Rightly so, see this current Thread: Microsoft wants to move Windows fully to the cloud
Windows 365 is a service that streams a full version of Windows to devices. So far, it’s been limited to just commercial customers, but Microsoft has been deeply integrating it into Windows 11 already. A future update will include Windows 365 Boot, which will enable Windows 11 devices to log directly in to a Cloud PC instance at boot instead of the local version of Windows.
If Microsoft really wants to slowly kill “local windows”, Valve would be fucked if there is no way for gamers to game locally.
It’ll be hard enough to compete with “performance on demand” anyway, at least until Microsoft pushes the pricing back up after luring everyone in.
See Netflix, everyone loved it, no-one bought DVDs/BlueRays, and now everyone hates Netflix for raised prices, going after password-sharing, cancelling shows etc.
I expect exactly the same with “cloud PCs”
Yup, that was what I understood it to be, I’ll admit to just skimming the article, but it seemed rather directly that?
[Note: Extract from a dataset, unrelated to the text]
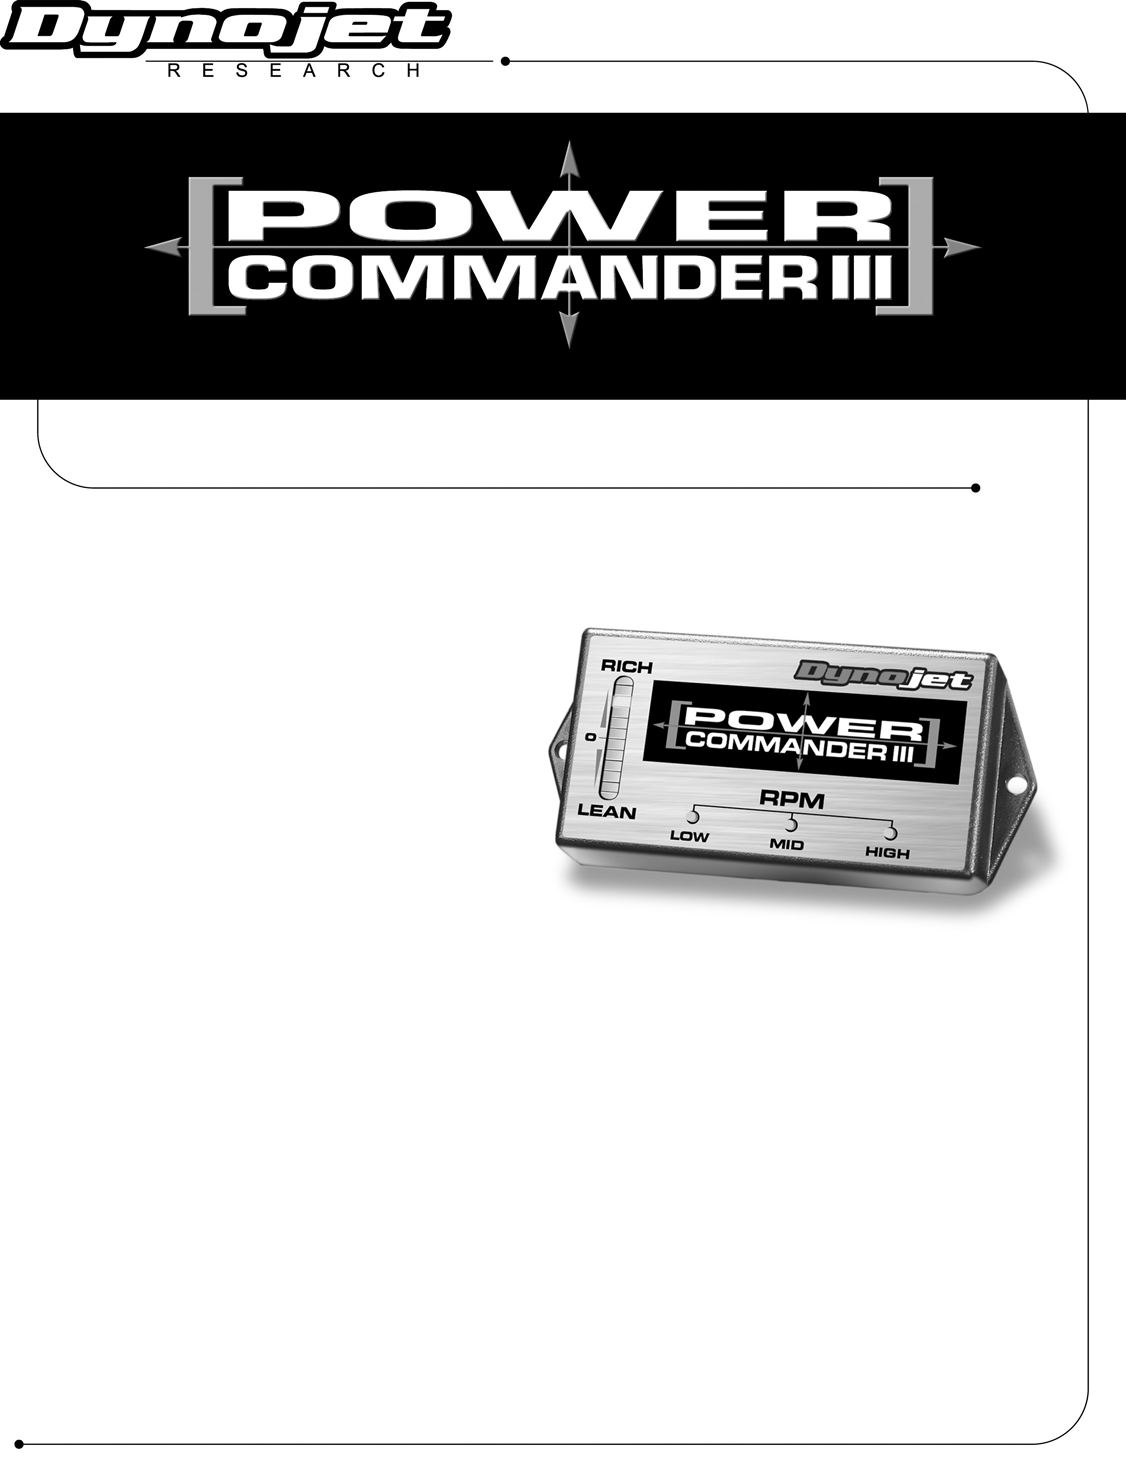 2002-2003 Yamaha TDM900 Parts List 1 Power Commander 1 CD-ROM 1 Installationsanleitung 1 Poweradapter 2 Power Commander Aufkleber 2 Dynojet Aufkleber 1 Klettbandstreifen 1 Reinigungstuch

Windows 365 is a service that streams a full version of Windows to devices. So far, it’s been limited to just commercial customers, but Microsoft has been deeply integrating it into Windows 11 already. A future update will include Windows 365 Boot, which will enable Windows 11 devices to log directly in to a Cloud PC instance at boot instead of the local version of Windows. Windows 365 Switch is also built into Windows 11 to integrate Cloud PCs into the Task View (virtual desktops) feature.
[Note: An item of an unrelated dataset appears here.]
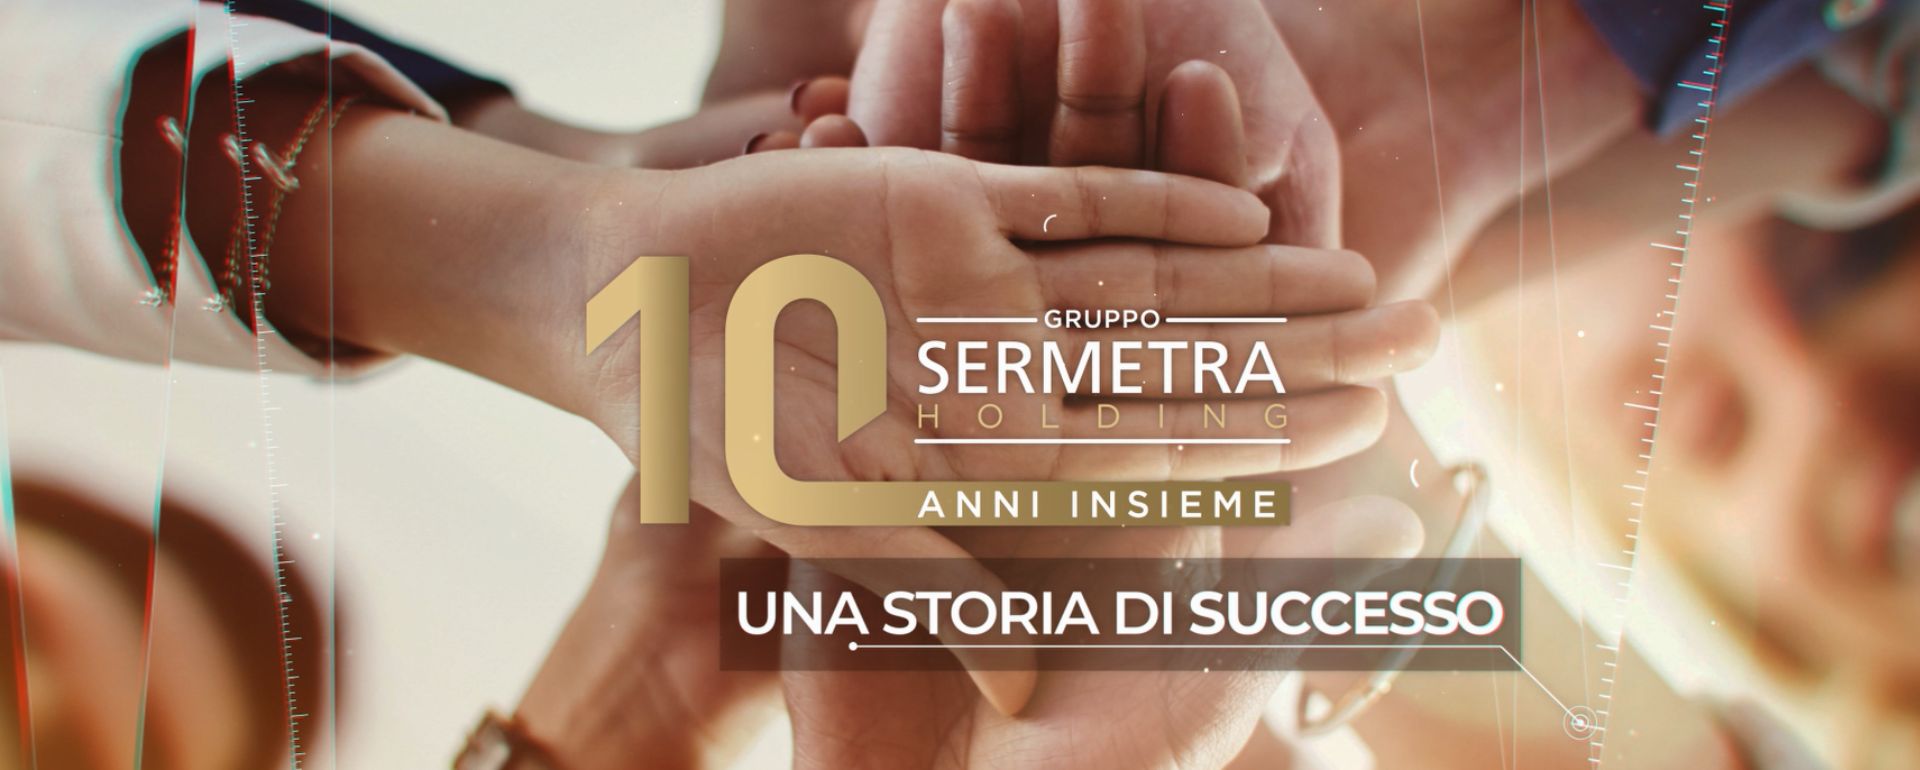 Video Sermetra Holding: 10 anni insieme

So if I don’t have an internet connection, I can’t even boot my computer?
While I personally hate this Idea as well, I have to admit, that there could certainly be rather significant upsides for users.
Cheap Chromebook-like Laptops, but can run Video Games, Video Encodings, Finite Element Analyses, Computational Fluid Dynamics etc no problem. “Your” PC can be accessible from your phone in a Pinch.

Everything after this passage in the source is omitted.